> YOUR TASK: Every line of the data should be written out exactly, with the pictures left out.

THE DATA Start Marker

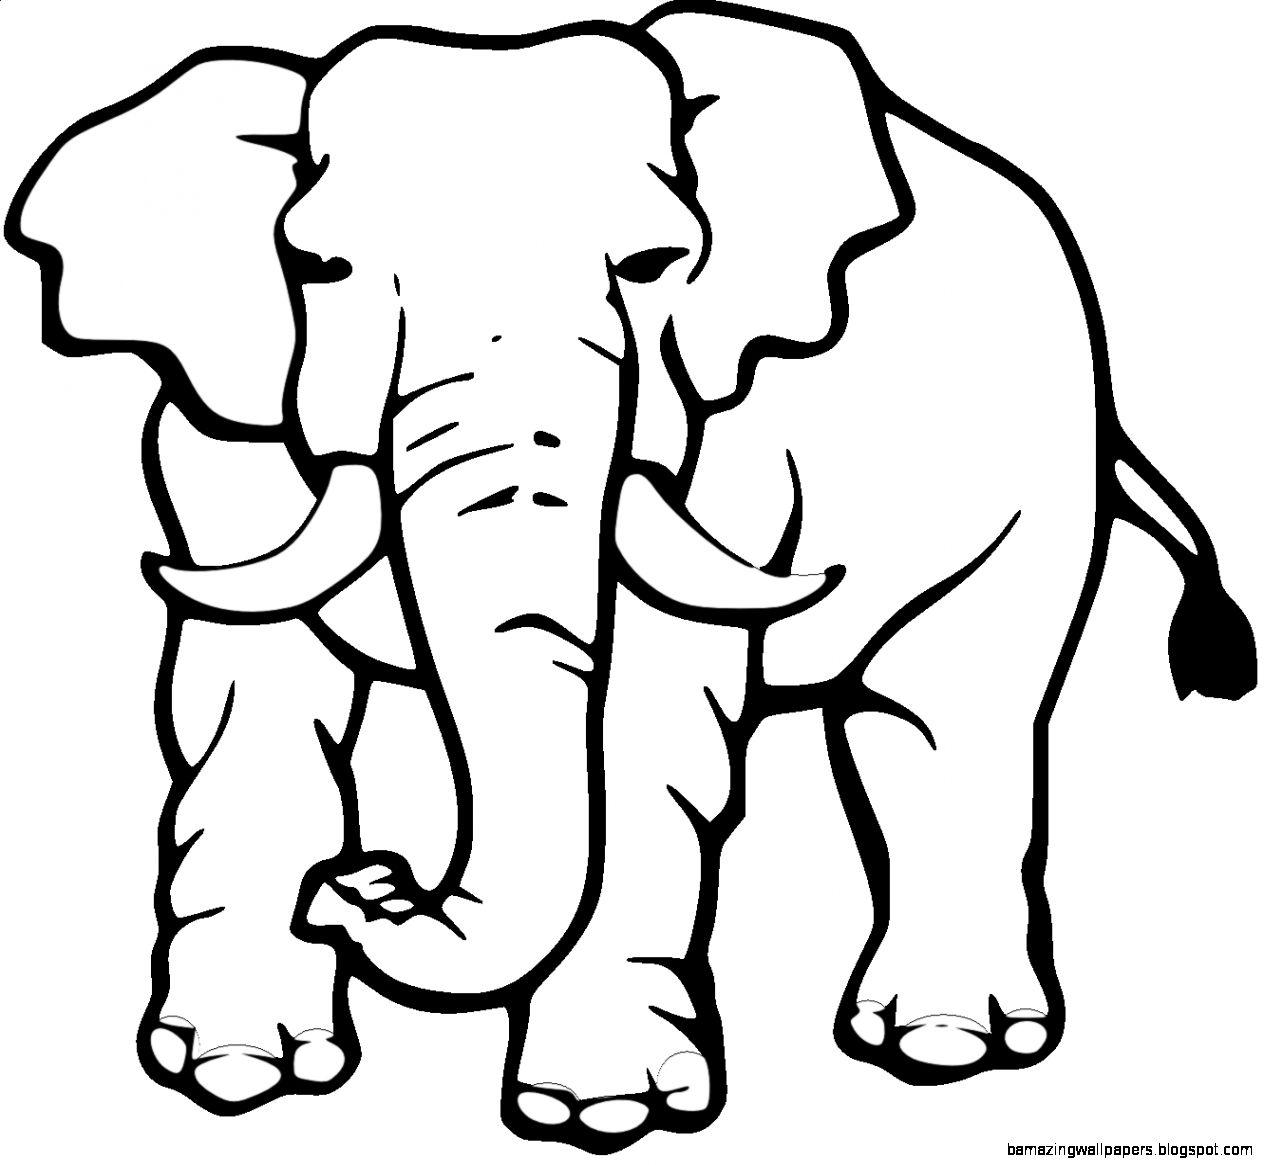 Elephant black and white clipart jpg transparent download Best Cute Elephant Clipart Black and White #28172 - Clipartion.com jpg transparent download
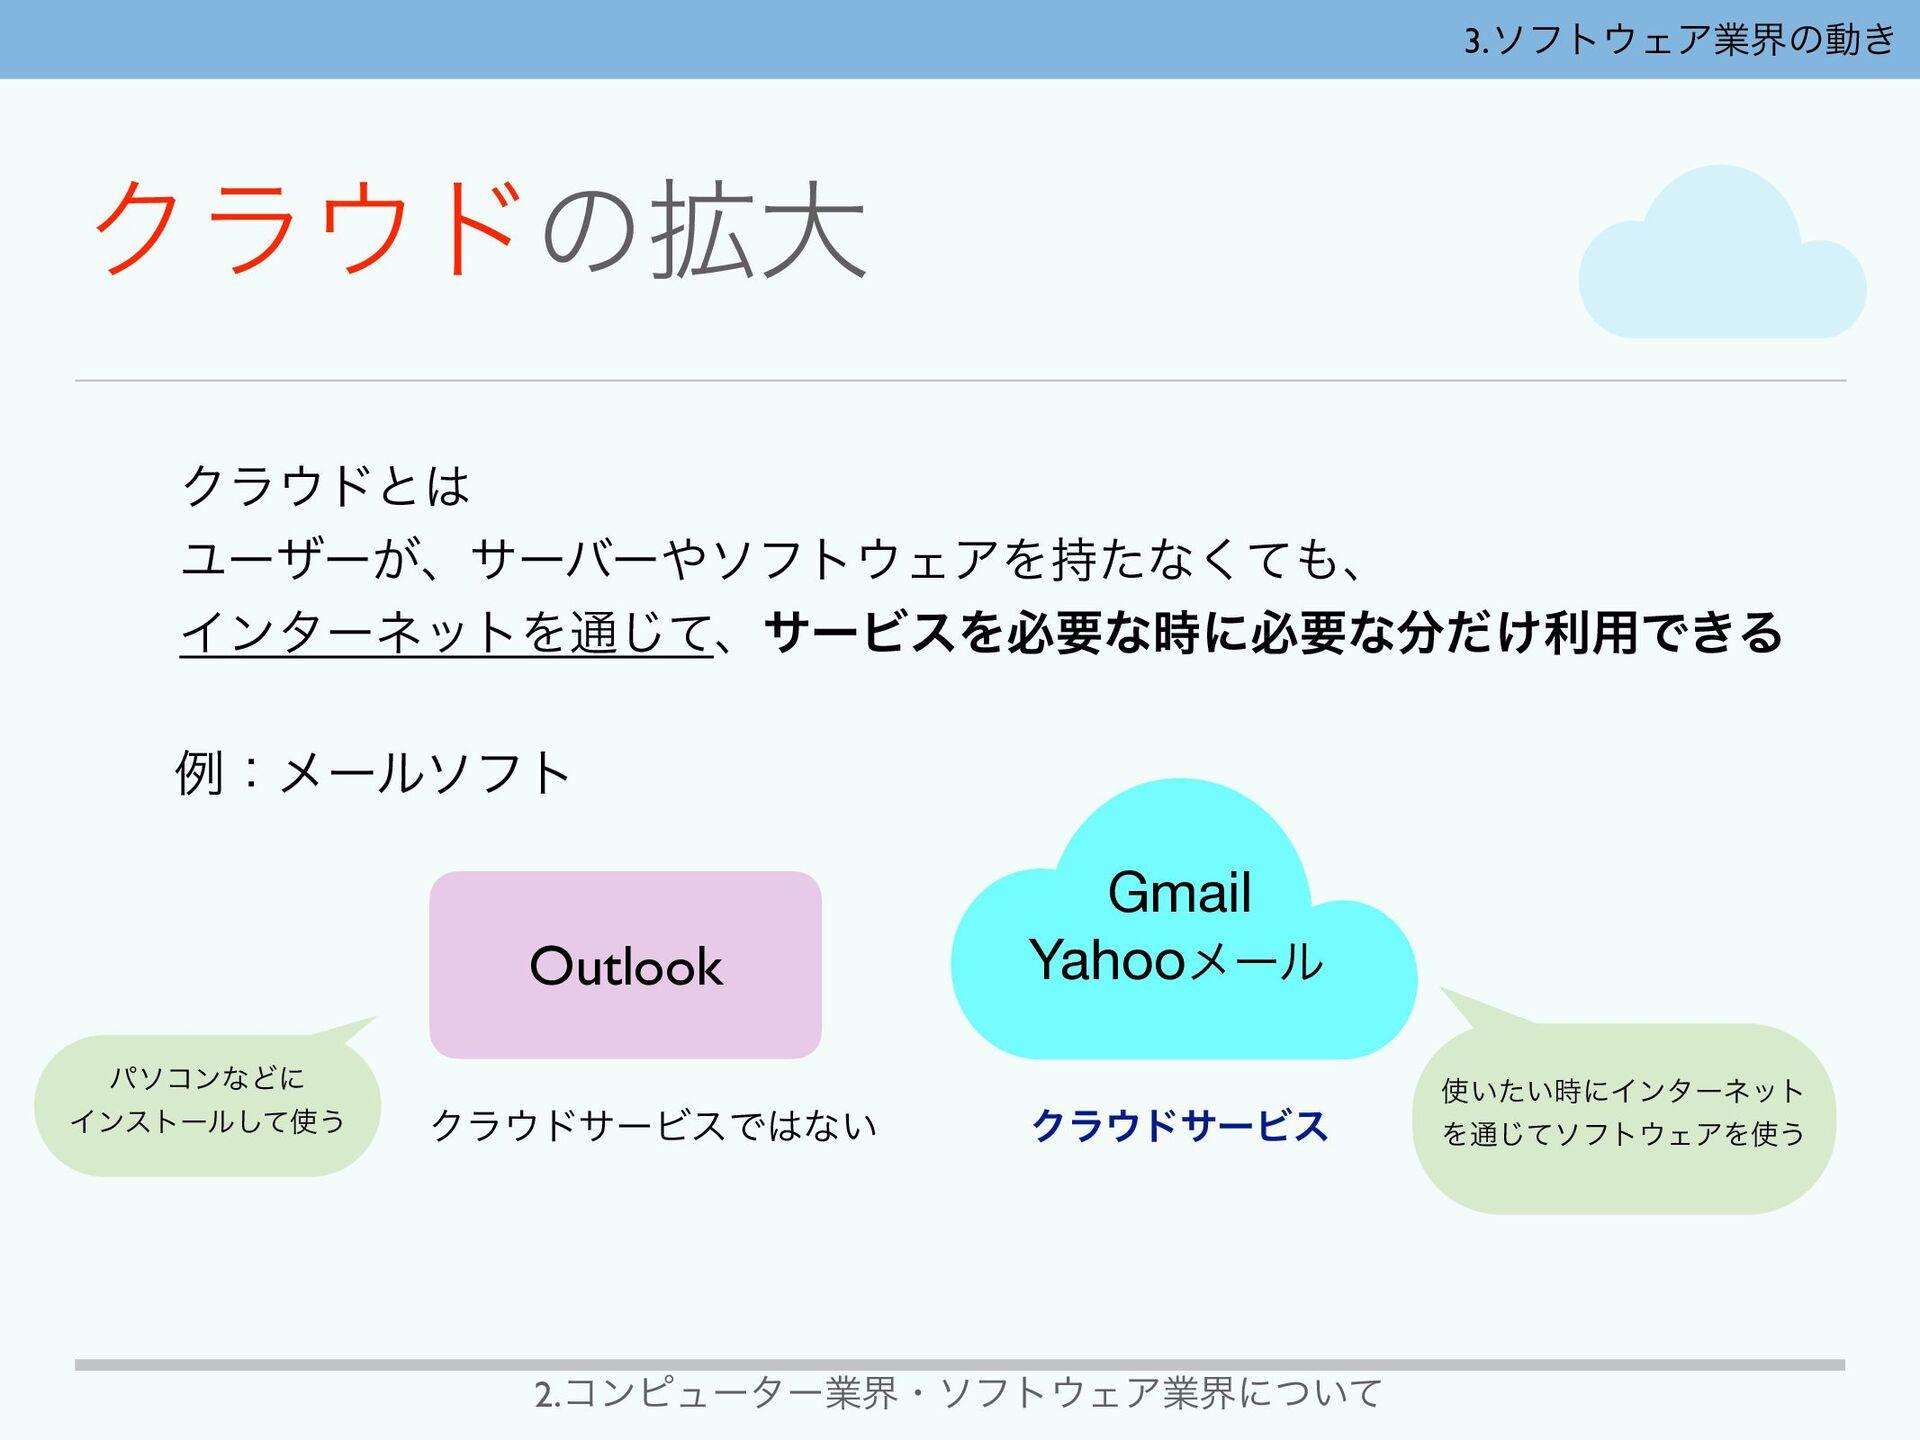 2.ίϯϐϡʔλʔۀքɾιϑτΣΞۀքʹ͍ͭͯ Outlook ΫϥυαʔϏεͰͳ͍ Ϋ...
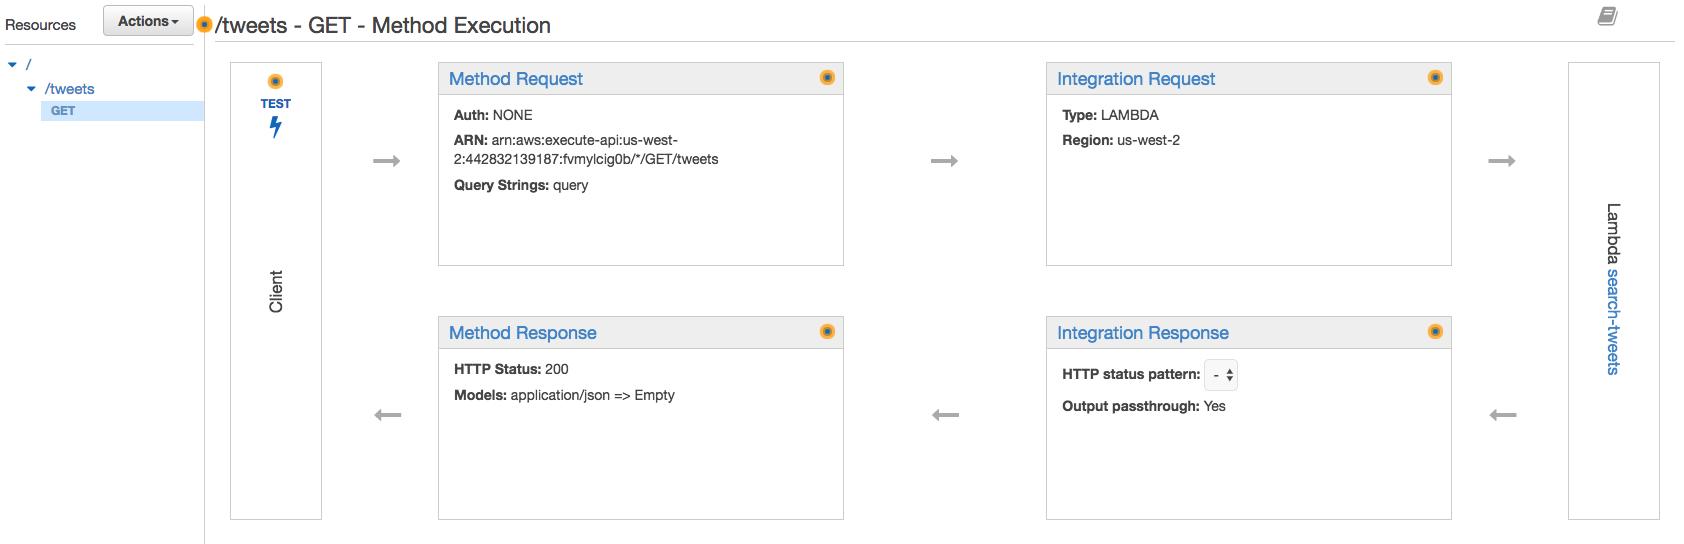 Sending push notifications via Firebase using AWS Lambda
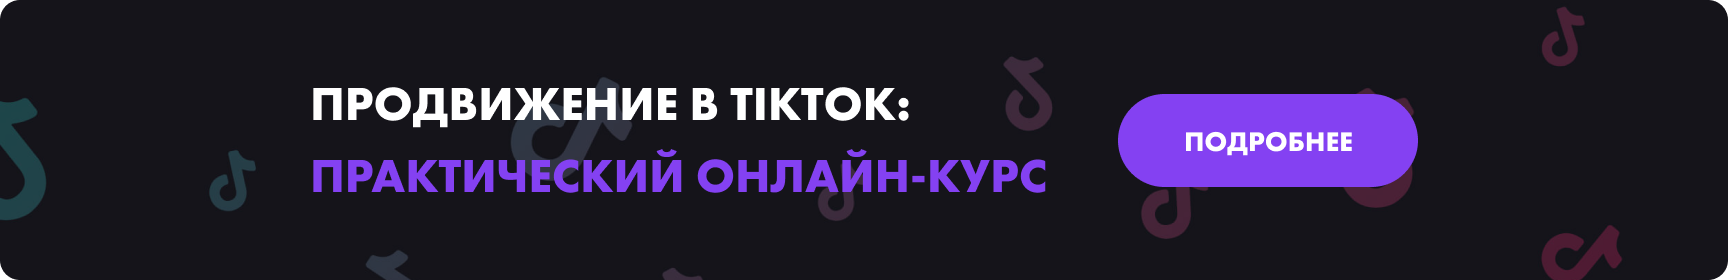 Ссылка на курс TikTok от Humee
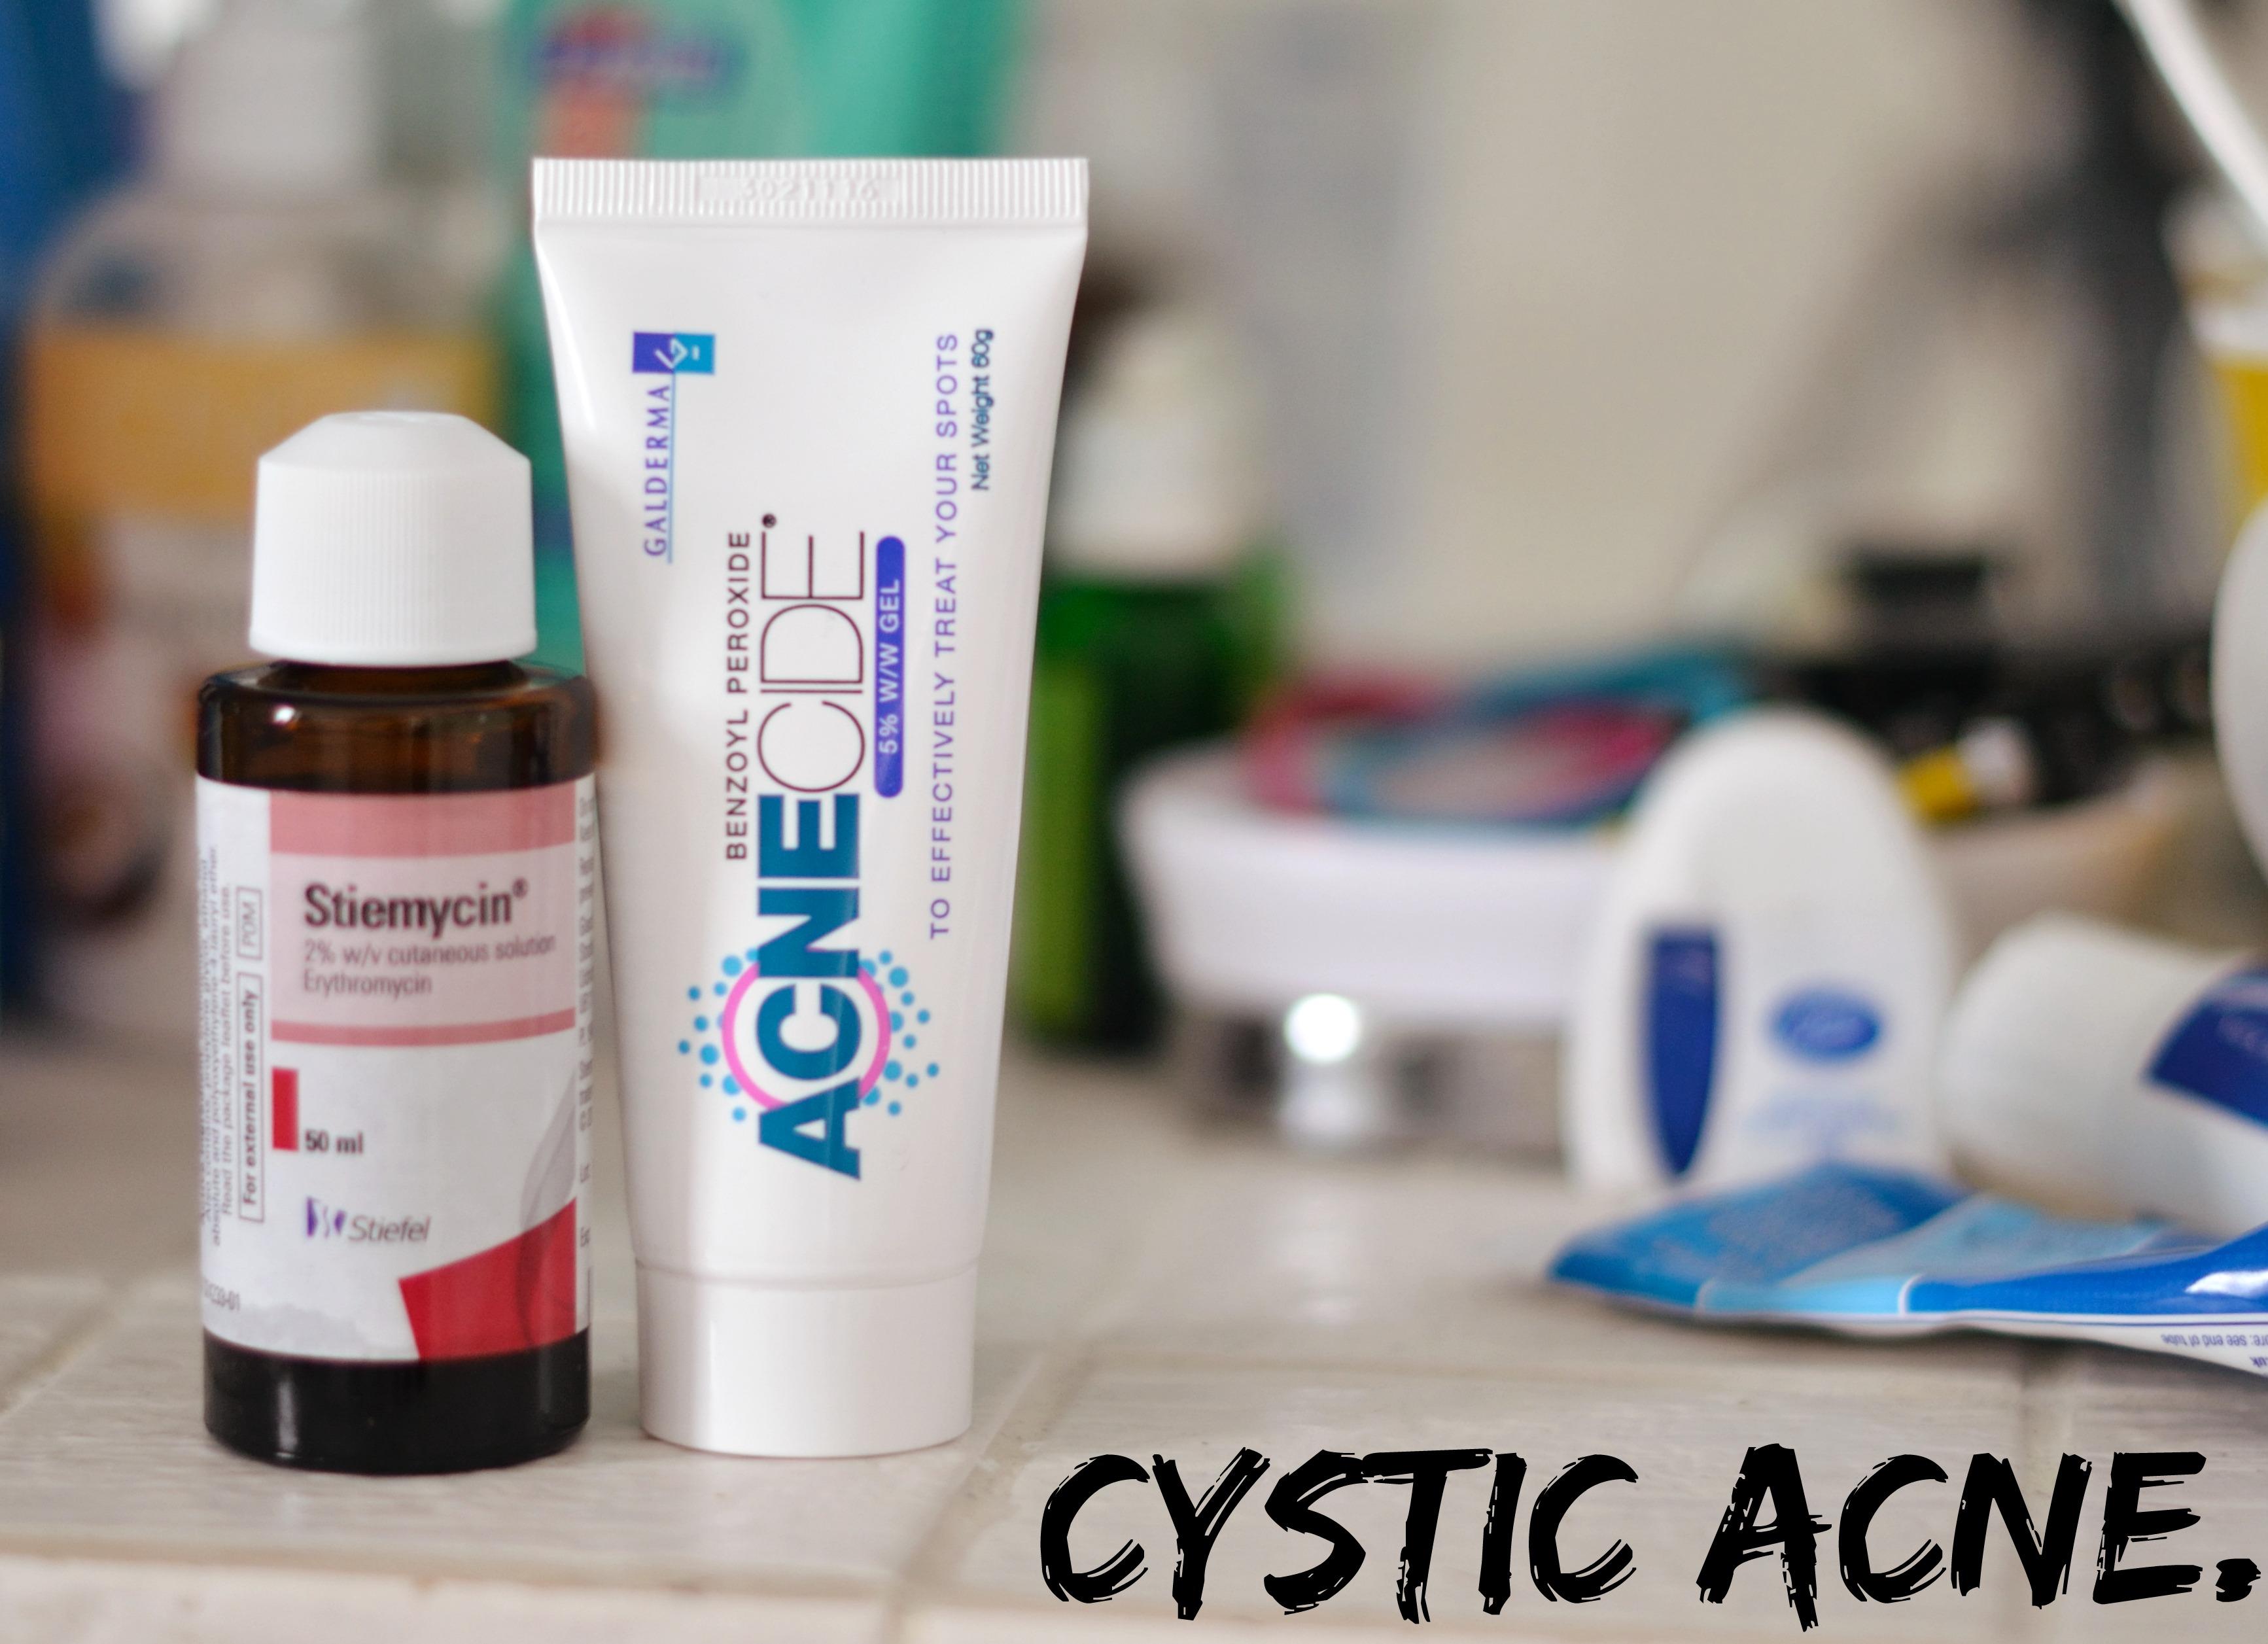 Stiemycin & Acnecide for Cystic Acne.

THE DATA End Marker

> RESULT:
 Elephant black and white clipart jpg transparent download Best Cute Elephant Clipart Black and White #28172 - Clipartion.com jpg transparent download
 2.ίϯϐϡʔλʔۀքɾιϑτΣΞۀքʹ͍ͭͯ Outlook ΫϥυαʔϏεͰͳ͍ Ϋ...
 Sending push notifications via Firebase using AWS Lambda
 Ссылка на курс TikTok от Humee
 Stiemycin & Acnecide for Cystic Acne.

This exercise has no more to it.